Immunocapture PCR Detection of ToLCNDV from Plant Extract by using Heterologous Virus Coat Protein Antisera

Zafar Iqbal1* and Muhammad Khurshid2

1Akhuwat-Faisalabad Institute of Research, Science and Technology, Faisalabad, Pakistan

2Institute of Biochemistry and Biotechnology, University of the Punjab, Lahore, Pakistan


Immunocapture-PCR (IC-PCR) is very versatile technique that has the potential to expedite the detection of plant viruses from plant species containing various forms of PCR amplification inhibitors. In current study, IC-PCR was used for the detection of Tomato leaf curl New Delhi virus (ToLCNDV) from plant extracts of Nicotiana benthamiana plants inoculated with ToLCNDV. To immunocapture the ToLCNDV, two antisera raised against Tomato yellow leaf curl virus-coat protein (TYLCV-CP) and African cassava mosaic virus-coat protein (ACMV-CP) were used. However, immunocapture of ToLCNDV could only be achieved by using the TYLCV-CP antisera followed by PCR detection by using specific and degenerate primers. ToLCNDV is geographically wide spread Begomovirus (Family Geminiviridae), considered as a close relative of TYLCV, and cause severe losses for many economical important crops in tropical and subtropical regions of the world. This is the first report of the use of heterologous polyclonal antibodies (PAbs), raised against a geographically distinct begomovirus, ToLCNDV. The described results have shown to exhibit a many fold increase detection sensitivity and reproducibility hence, can be adopted for routine detection of ToLCNDV from plant extracts.

Article Information

Received 17 June 2016

Revised 29 September 2016

Accepted 27 January 2017

Available online 12 May 2017

Authors’ Contributions

ZI performed the experiments. ZI and MK wrote the article.

Key words

Immunocapture PCR, ToLCNDV, Antisera, PAbs


* Corresponding author:

0030-9923/2017/0003-1025 $ 9.00/0

Copyright 2017 Zoological Society of Pakistan



Tomato leaf curl New Delhi virus (ToLCNDV), a begomovirus (Family Geminiviridae), is geminate shaped particle of 18×22nm in size whose genome composed of two single-stranded DNA components (denoted as DNA A and DNA B). The outer shell of ToLCNDV is formed by coat protein (CP) encoded on DNA A. CP is involved in insect transmission, encapsidation, intra- and intercellular movement. Approximately 110 CP subunits structured as 22 pentameric capsomers forming the unique geminate shape particle (Rojas et al., 2001; Zhang et al., 2001). ToLCNDV is widely distributed in tropical and subtropical regions causing massive losses to agro-economical important crops in south and south-east Asia (Padidam et al., 1995). From last decade host range of ToLCNDV has increased enormously, now it has been reported from potato (Usharani et al., 2004), Hibiscus cannabinus (Raj et al., 2007; Srivastava et al., 2016), papaya (Raj et al., 2008), eggplant (Pratap et al., 2011) okra (Venkataravanappa et al., 2011), and several cucurbitaceous vegetables like ivy gourd, ridge gourd, cucumber, bitter gourd, pumpkin, long melon, bottle gourd, watermelon and chayote in India (Mandal et al., 2004; Sohrab et al., 2006, 2010; Tiwari et al., 2010). In Pakistan, besides tomato, ToLCNDV has also been reported from chilli (Hussain et al., 2004), bitter gourd (Tahir and Haider, 2005), and from weed Eclipta prostrata (Haider et al., 2006). While in Thailand, ToLCNDV has successfully been isolated from cucumber, bottle gourd and muskmelon (Ito et al., 2008). Very recently, ToLCNDV has been identified from Spain from vast range of plants including zucchini, cucumber, squash and melon (Juarez et al., 2014) and this virus has also been found in Tunisia (Mnari-Hattab et al., 2015).

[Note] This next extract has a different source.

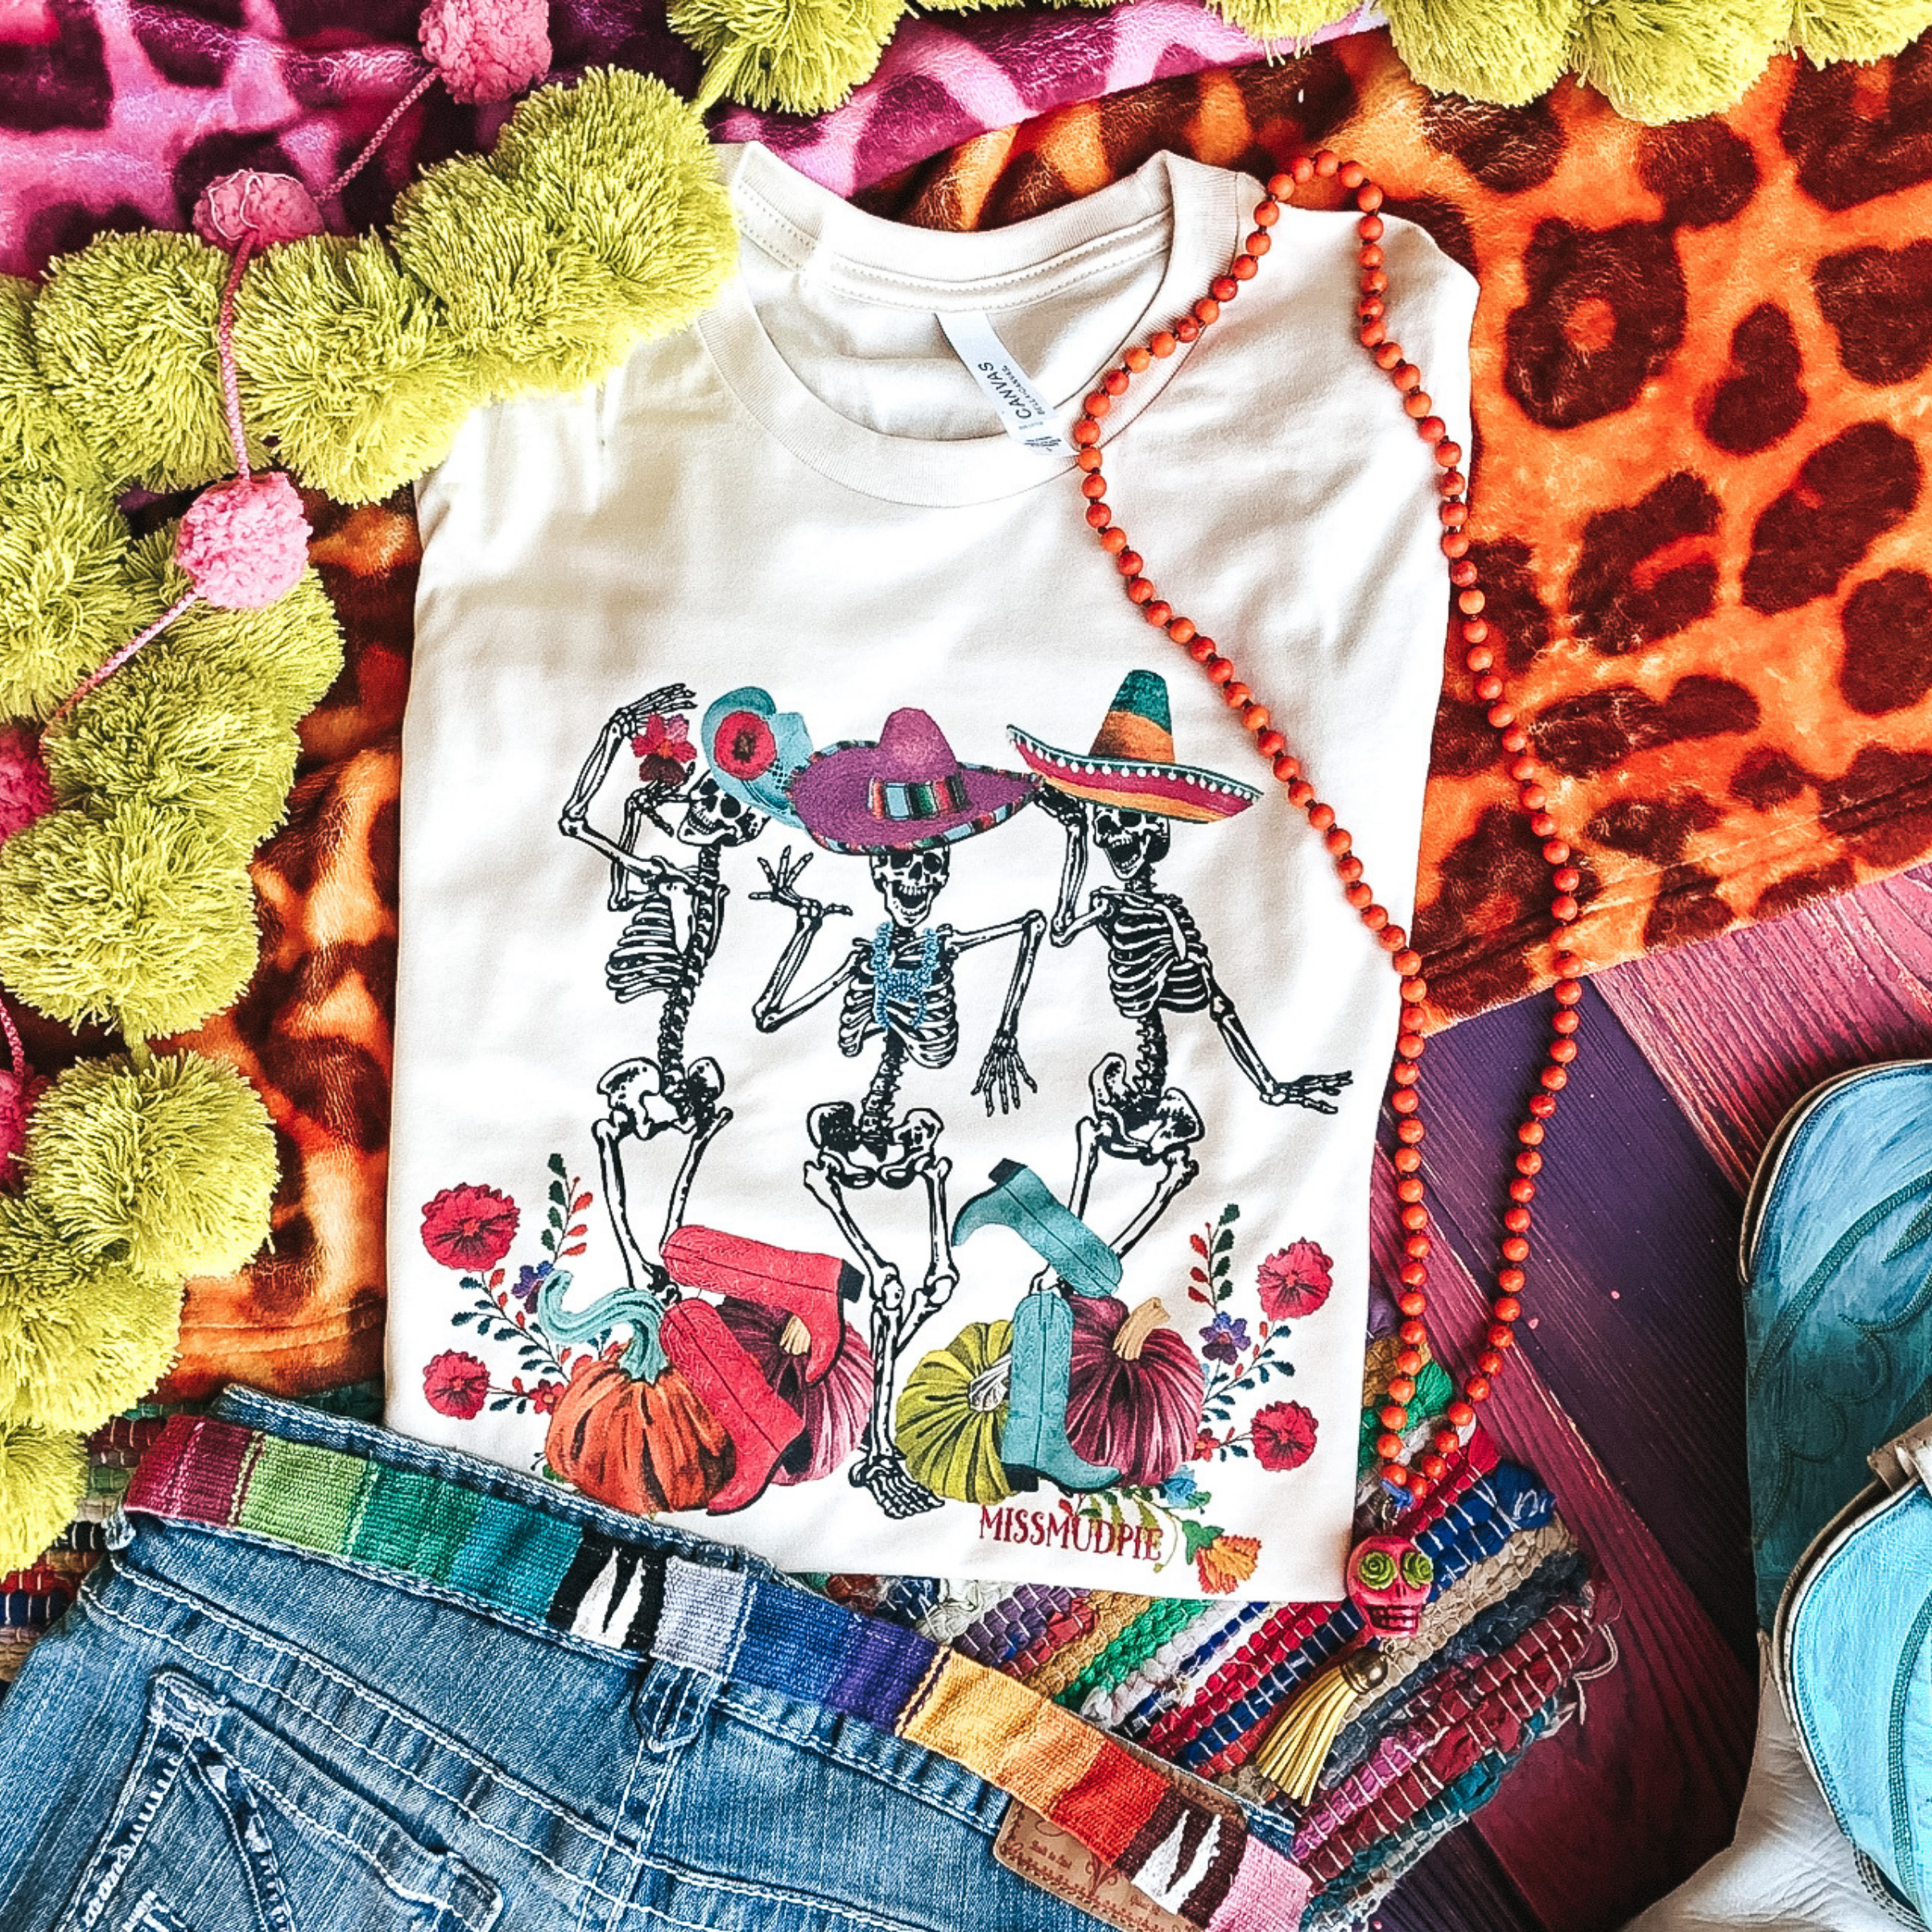 This is a cream shirt with 3 mariachi skeletons. Two out of the three skeletons are wearing sombreros and the other skeleton is wearing a hat with a flower on it. Two skeletons also have a pair of pink cowgirl boots and a pair of blue cowgirl boots. At the bottom of the shirt there are also colorful pumpkins and flowers.

Detection of plant viruses through immunocapturing followed by PCR is a versatile, simple, robust and delicate analytical technique. The hybrid method of virus detection is particularly advantageous in plants species or tissues partaking inhibitory substances. Additionally, antibody-mediated purification of viruses is quite simple as compared to other methods of isolation (Mulholland, 2009). Although, begomovirus infection can be characterized by typical symptoms, nonetheless, many precise, highly subtle, and reproducible diagnostic tests for begomoviruses detection have been established. Among available diagnostic methodologies, the widely adopted method is PCR (Rybicki and Hughes, 1990; Rojas et al., 1993; Deng et al., 1994; Wyatt and Brown, 1996). The conventional PCR procedures entail the provision of total genomic DNA of infected plants. Such genomic nucleic acids isolation and purification methods are not only strenuous but also may not be apposite to plant species; enriched with polysaccharides, phenolics and mucilage compounds (Wyatt and Brown, 1996; Biswas et al., 2014). To circumvent nucleic acid extractions, several alternate methods involving immunocapture of virus followed by PCR from crude plant extract have been described (Wetzel et al., 1991; Xie et al., 2013; Ghanim, 2014).

Undoubtedly, in IC-PCR prestigious selection of antibody will only allow the capture of viruses to be tailored to the assay requirements. Then selection of specific antibody at primary level will give rise to higher level of specificity at the PCR level. Much work on serological detection methods have been developed to detect begomoviruses, however, in all available studies specific monoclonal antibodies were used against respective viruses (Brown, 2000; Xie et al., 2013). In this study, purified antisera containing polyclonal antibodies (PAbs) against TYLCV-CP and African cassava mosaic virus-coat protein (ACMV-CP) were used in IC-PCR for ToLCNDV detection.


Materials and methods

Plant materials

Plant leaves used in this study were collected from Nicotiana benthamiana plants, inoculated with ToLCNDV, growing under glass house conditions at National Institute for Biotechnology and Genetic Engineering, Faisalabad, Pakistan.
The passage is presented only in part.